Juan od razu wykręcił numer do swojego przyjaciela, który był już w drodze...

- Witaj Juan. Wybacz, ale teraz nie bardzo mogę rozmawiać – powiedział Gustavo. Jestem w trakcie akcji i śpieszę się...
- Poczekaj, bo to ważne! Detektyw Linares chyba znów zaatakował! Podobno zwabił Lorenę w jakieś odludne miejsce i będzie chciał ją tam wykorzystać!
- Ją też?
- Jak to?
- Właśnie jadę w te odludne miejsce, czyli bagna. On złapał w pułapkę również przyjaciółkę twojej siostry, czyli Veronicę Guzman. Chce mieć obydwie dziewczyny dla siebie!
- Jest u mnie chłopak Loreny. On musi wiedzieć gdzie jest jego dziewczyna!
- Nie znam dokładnego adresu, ale tam chyba są jakieś opuszczone domki zaraz po wjeździe na ten przeklęty teren! To bardzo niebezpieczne. Nie róbcie głupot! Jadę ten sam, więc nie chcę kłopotów z wami. Juan... odezwij się!

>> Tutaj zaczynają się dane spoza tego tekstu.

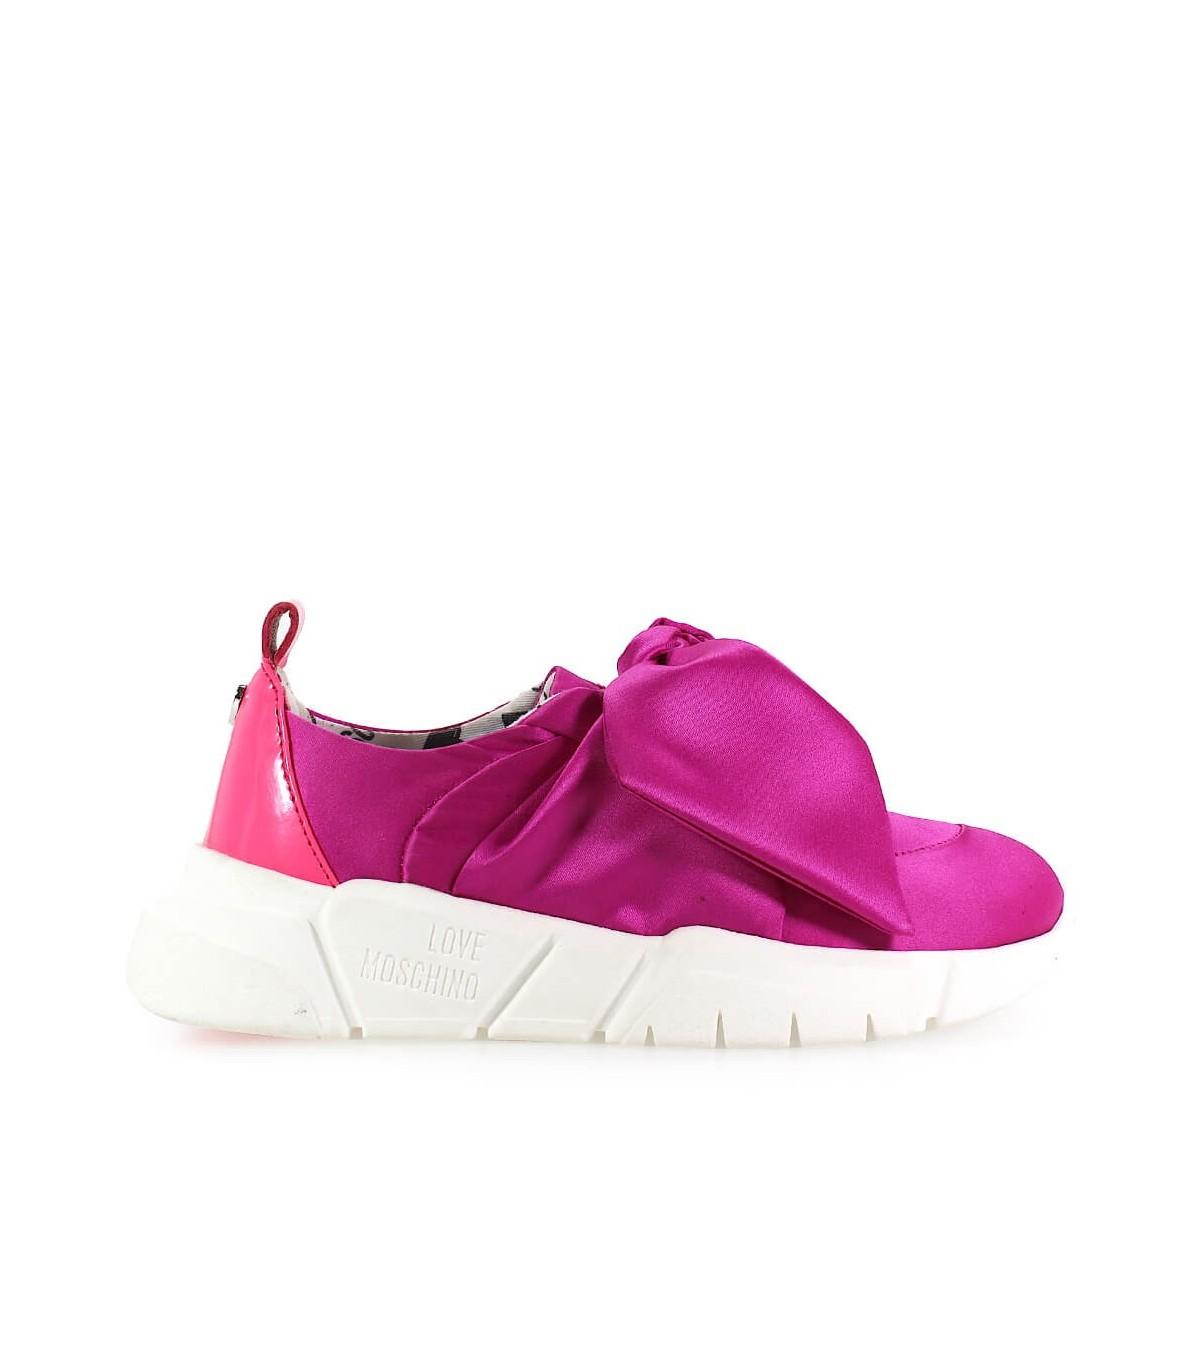 Love Moschino Fuchsia Satin Bow Sneaker in Pink | Lyst

Juan rozłączył się, bo to co chciał wiedzieć już usłyszał.

- Wiem co kombinuje ten cały Linares. Jedziemy tam Marco! Po drodze powiem ci jak jechać! Ale to bardzo niebezpieczny teren!
- Guzik mnie to obchodzi! Jedziemy! – odparł Marco.
- Jadę z wami! – krzyknął Antonio.
- Lepiej zostań. Ktoś musi pilnować kancelarii – zauważył Juan.
- Jak chcecie, ale dajcie mi znać co jest grane...
- Valdez jedzie tam w pojedynkę. Musimy mu pomóc...
- Muszę zawiadomić mojego brata Carlo. On się przyda w złapaniu tego potwora – powiedział Marco. Obyśmy zdążyli na czas...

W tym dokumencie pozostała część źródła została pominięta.